I was looking at some multi-cell array formula UDFs with John and Rich and could not understand why they seemed so much slower than I expected.
Each UDF (written as C++ XLLs) read data from around 200 cells using around 40 parameters, did some very simple logic and arithmetic and then returned values to a different 200 cells. Each of these UDF was taking around 16-20 milliseconds and the workbook contained several thousand calls to these UDFs.
So I started to investigate:
First Hypothesis: Maybe marshalling input data from multiple parameters is slow?
We know that the way to speed up reading data from Excel Cells is to read data in as large a block as possible rather than in many small chunks. So maybe the number of parameters was the problem. To test this I wrote a couple of XLL functions.
MarshallAll takes a single parameter of a range of cells and returns the number of columns. The parameter is type Q so arrives in the function as values rather than a reference.
MarshallMany takes 40 parameters (also type Q) and returns a constant value of 88.
CXlOper* MarshallAll_Impl(CXlOper& xloResult, const CXlOper* Arg1) { long nCols=0; nCols=Arg1->GetWidth2(); xloResult=(double)nCols; return xloResult.Ret(); } CXlOper* MarshallMany_Impl(CXlOper& xloResult, const CXlOper* Arg1, const CXlOper* Arg2, const CXlOper* Arg3, const CXlOper* Arg4, const CXlOper* Arg5, const CXlOper* Arg6, const CXlOper* Arg7, const CXlOper* Arg8, const CXlOper* Arg9, const CXlOper* Arg10, const CXlOper* Arg11, const CXlOper* Arg12, const CXlOper* Arg13, const CXlOper* Arg14, const CXlOper* Arg15, const CXlOper* Arg16, const CXlOper* Arg17, const CXlOper* Arg18, const CXlOper* Arg19, const CXlOper* Arg20, const CXlOper* Arg21, const CXlOper* Arg22, const CXlOper* Arg23, const CXlOper* Arg24, const CXlOper* Arg25, const CXlOper* Arg26, const CXlOper* Arg27, const CXlOper* Arg28, const CXlOper* Arg29, const CXlOper* Arg30, const CXlOper* Arg31, const CXlOper* Arg32, const CXlOper* Arg33, const CXlOper* Arg34, const CXlOper* Arg35, const CXlOper* Arg36, const CXlOper* Arg37, const CXlOper* Arg38, const CXlOper* Arg39, const CXlOper* Arg40) { xloResult=88.0; return xloResult.Ret(); }
But when I compared the execution times of these functions they were both fast and there was not much difference in timings, although it was faster to read as many cells as possible with each parameter.
So hypothesis 1 failed.
I checked how the time taken varied with the number of cells read and their datatype.
As expected large strings take longer than small strings which take more time than numbers. And it is more efficient to read as many cells as possible for each parameter.
Second Hypothesis: Maybe returning results to multiple cells is slow?
We know that writing data back to Excel cells from VBA is significantly slower than reading data from cells.
(see VBA read-write speed and Getting cell data with VBA and C++)

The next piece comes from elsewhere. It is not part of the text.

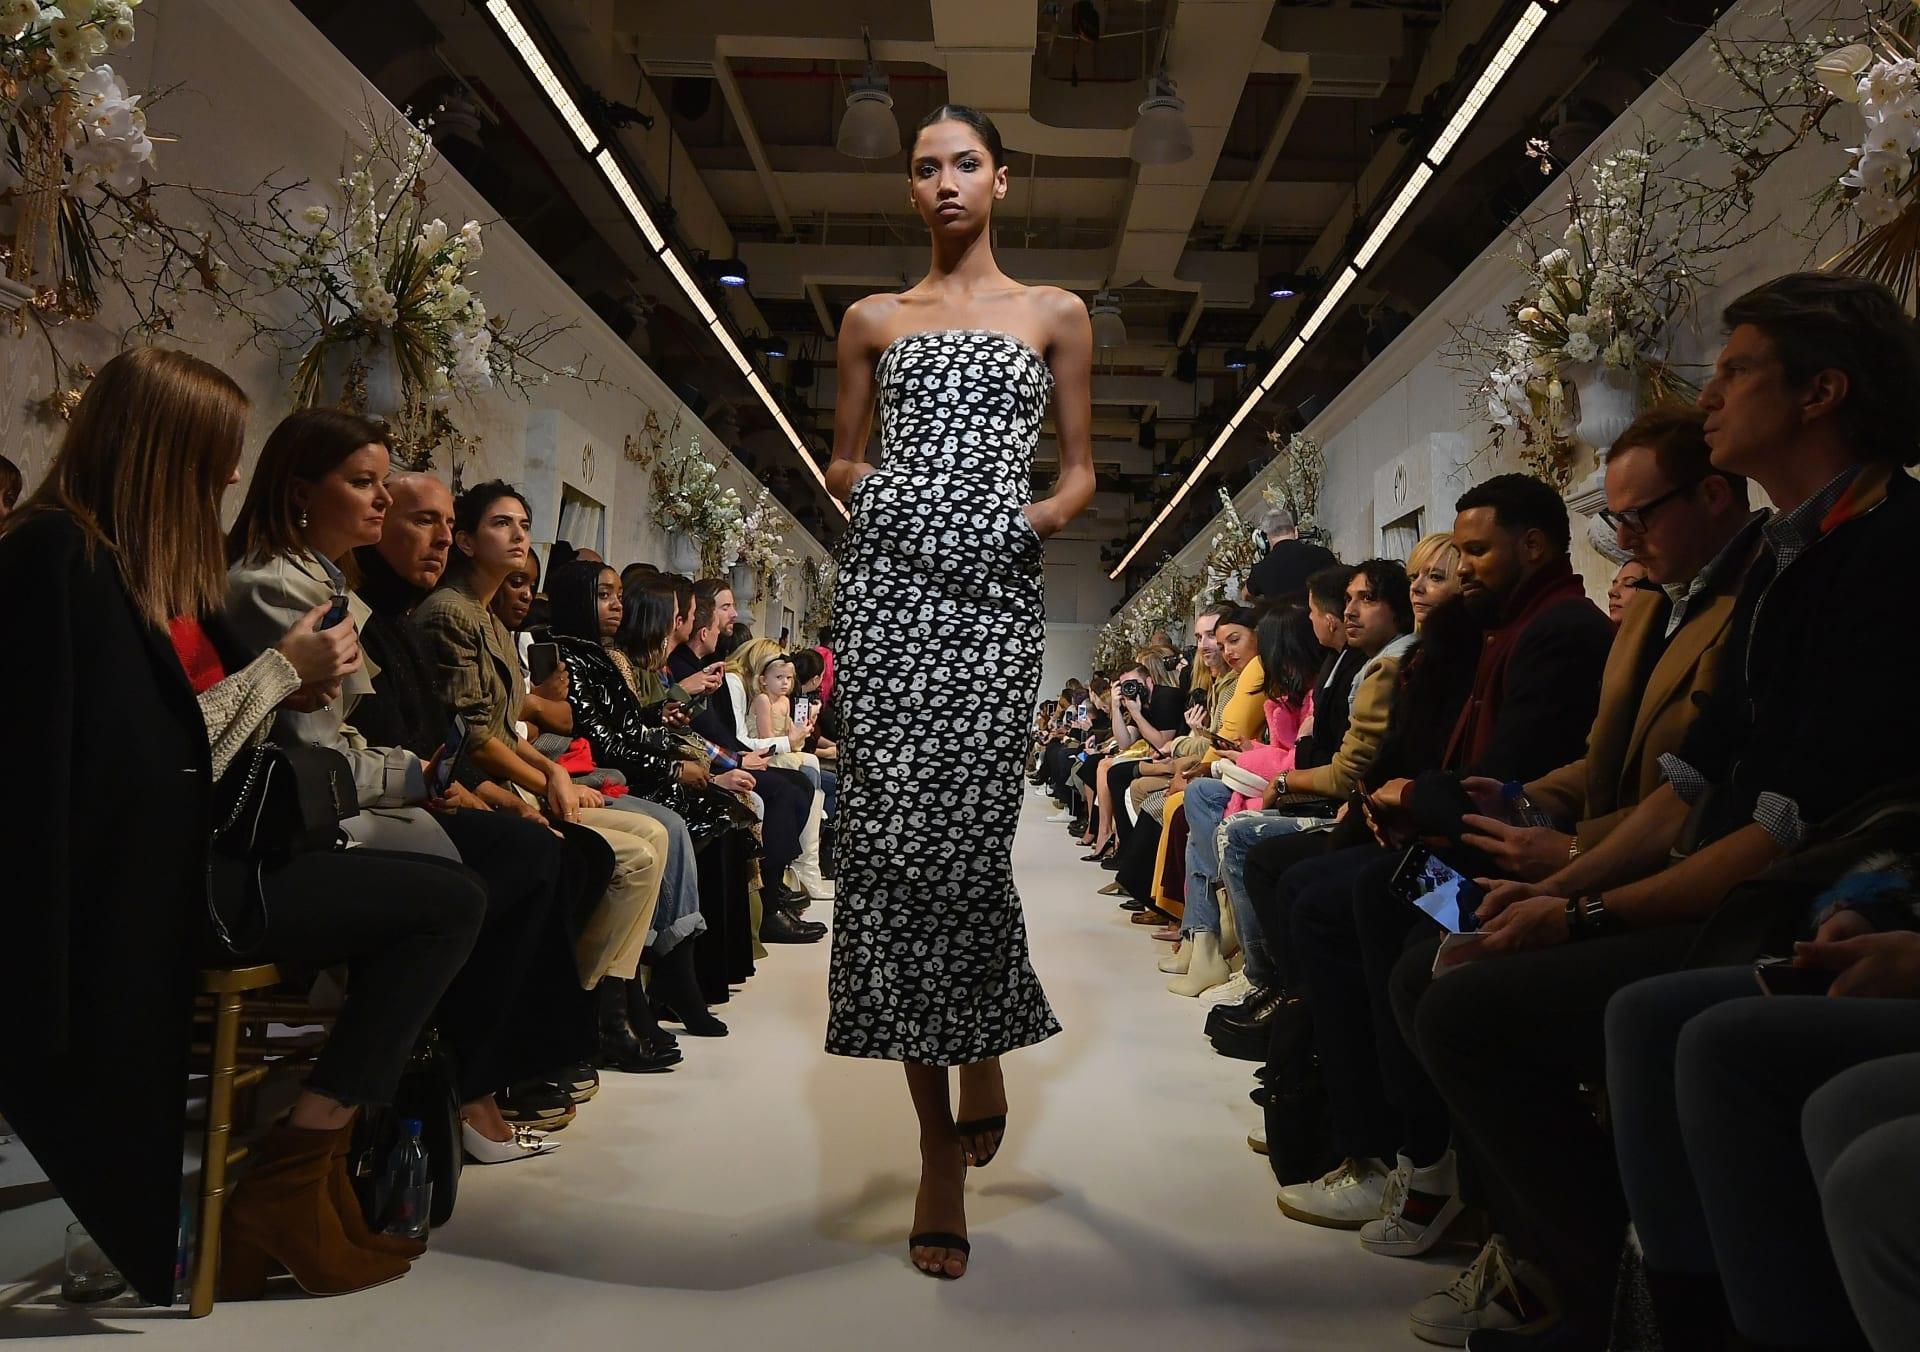 أيهن أجمل برأيك؟ حسناوات عروض الأزياء يجتمعن بأسبوع نيويورك للموضة

I wrote another simple XLL UDF: MarshallOut. This took a single argument of a range and returned it.
CXlOper* MarshallOut_Impl(CXlOper& xloResult, const CXlOper* Arg1) { xloResult=*Arg1; return xloResult.Ret(); }
Bingo: returning data to multiple cells is comparatively slow.

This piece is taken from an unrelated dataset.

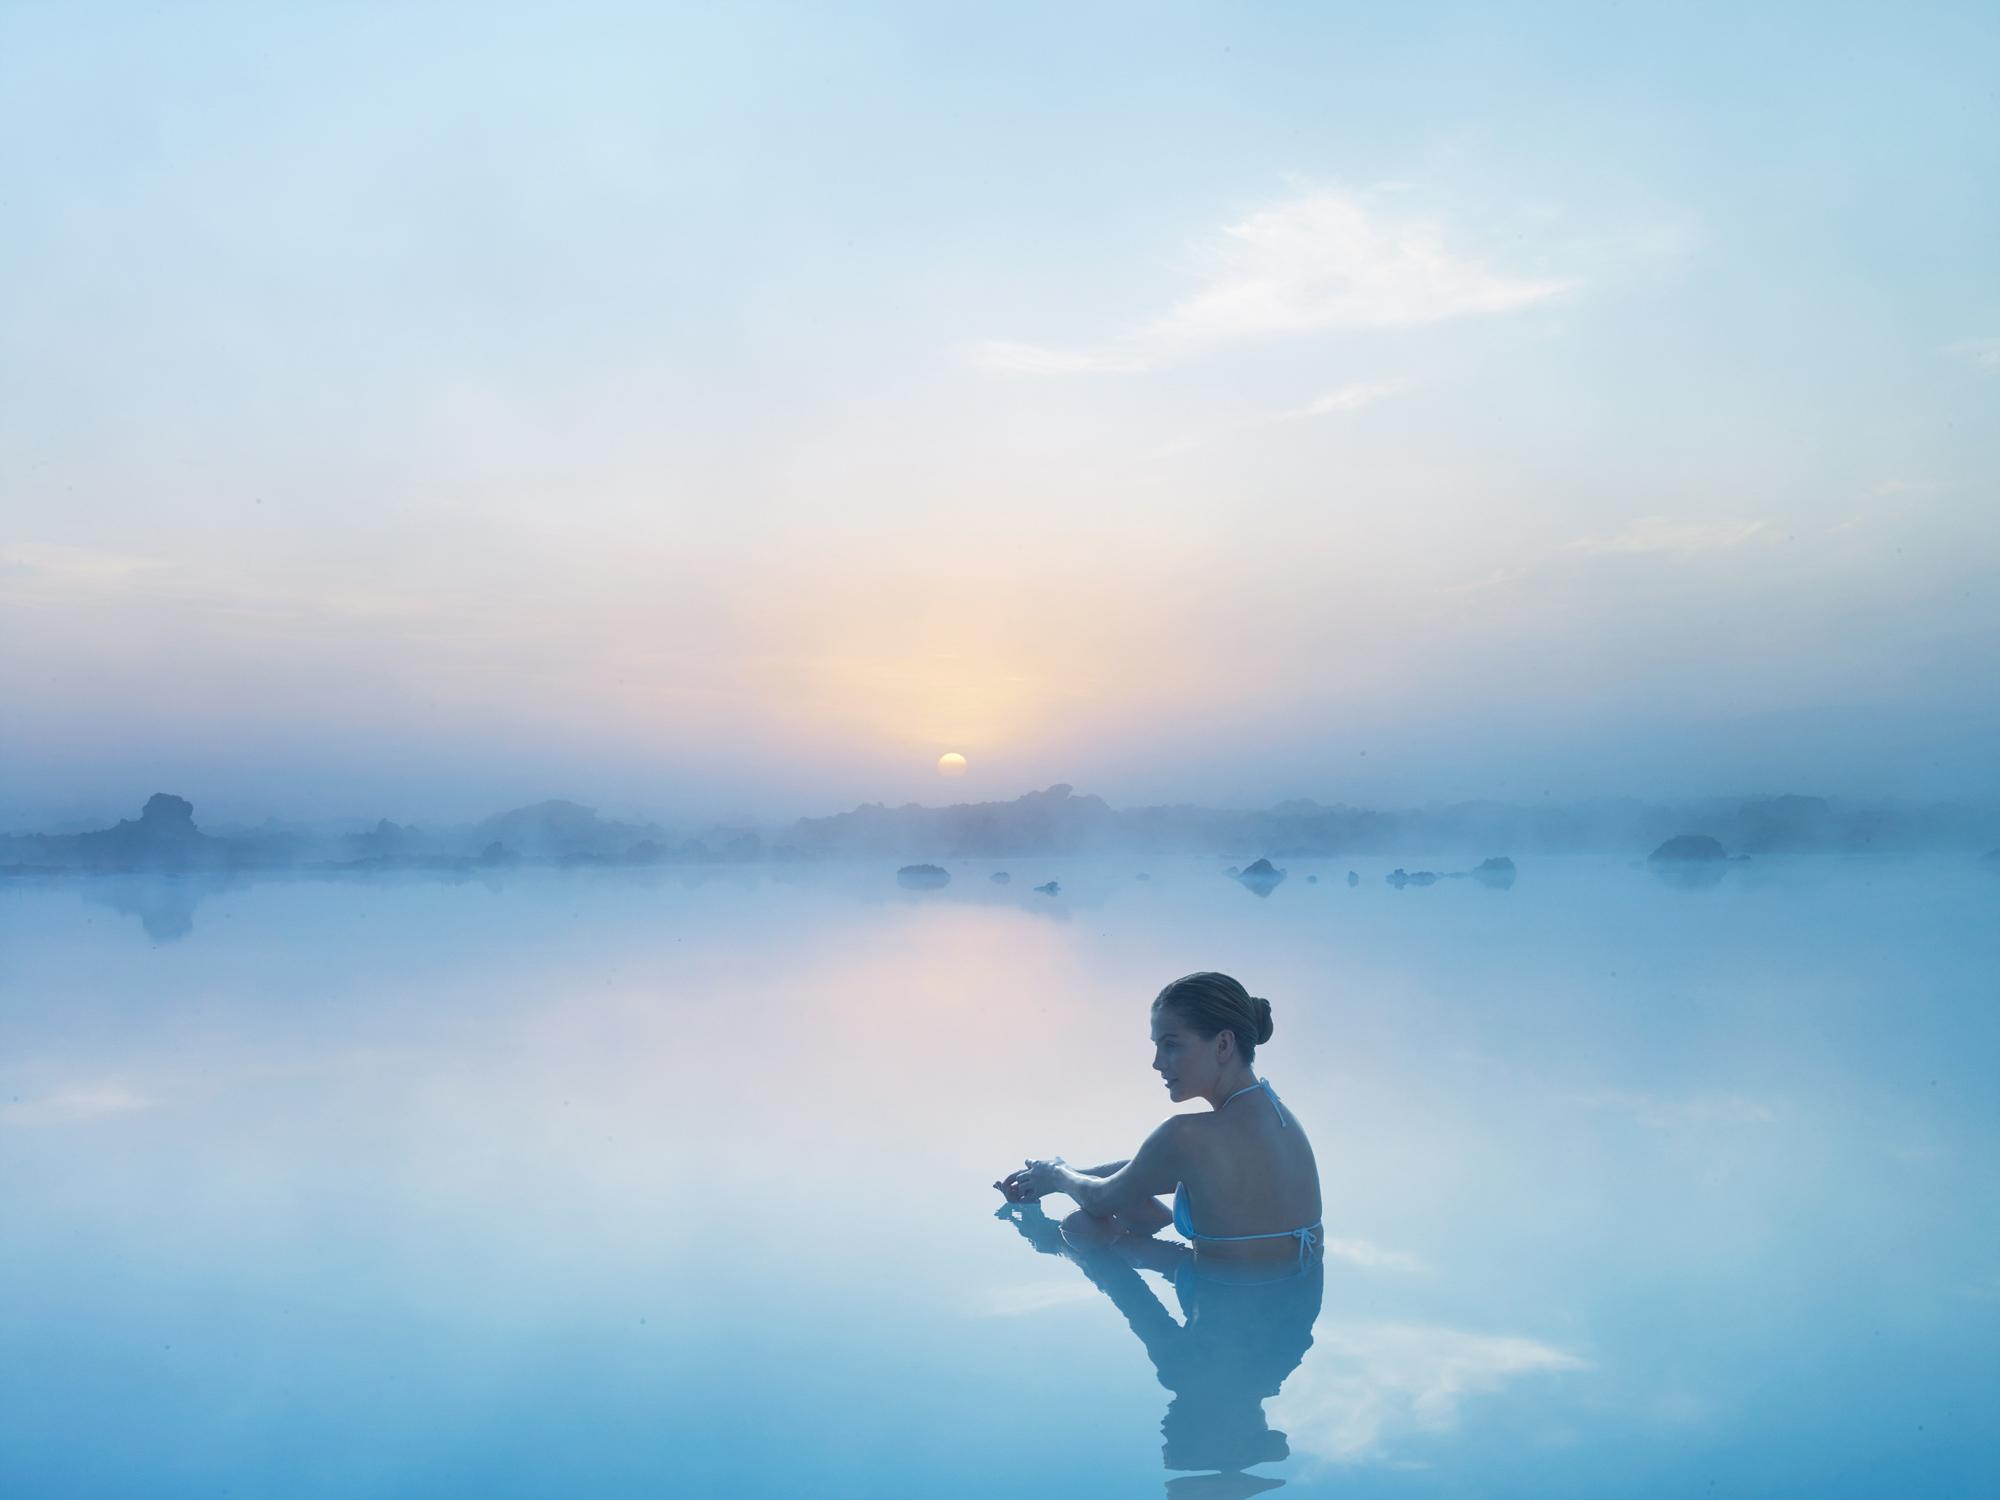 举世闻名的蓝湖温泉就位于雷克雅内斯半岛之上,距离凯夫拉维克国际机场很近

I used FastExcel Profile Formulas to time the tests:
Reading and returning a 255 character string to each of 100 cells takes 13 milliseconds.
Notice that the time taken is NOT linear with respect to the number of cells.
Multi-Threading Effects
I also noticed that FastExcel Workbook Profiler showed that these functions were making inefficient use of multi-threaded recalculation. Presumably this is because they need an exclusive lock on Excel’s results table whilst writing out the results, and most of the time used is doing exactly that.
By contrast, the first set of “read-many cells but write one cell” functions made efficient use of multi-threading.
Comparing XLL functions with VBA Functions.
I did a small number of comparison with VBA equivalents of these XLL functions. The VBA functions showed the same kind of performance behaviour as the XLL functions and were slightly slower. Of course VBA functions cannot multi-thread.
Conclusions
- Large numbers of array formulas that return results to multiple cells can be slow.
- Multi-cell array formulas do not multi-thread efficiently whilst writing their results back.
- It is more efficient to have larger ranges and fewer parameters than many parameters referencing small ranges.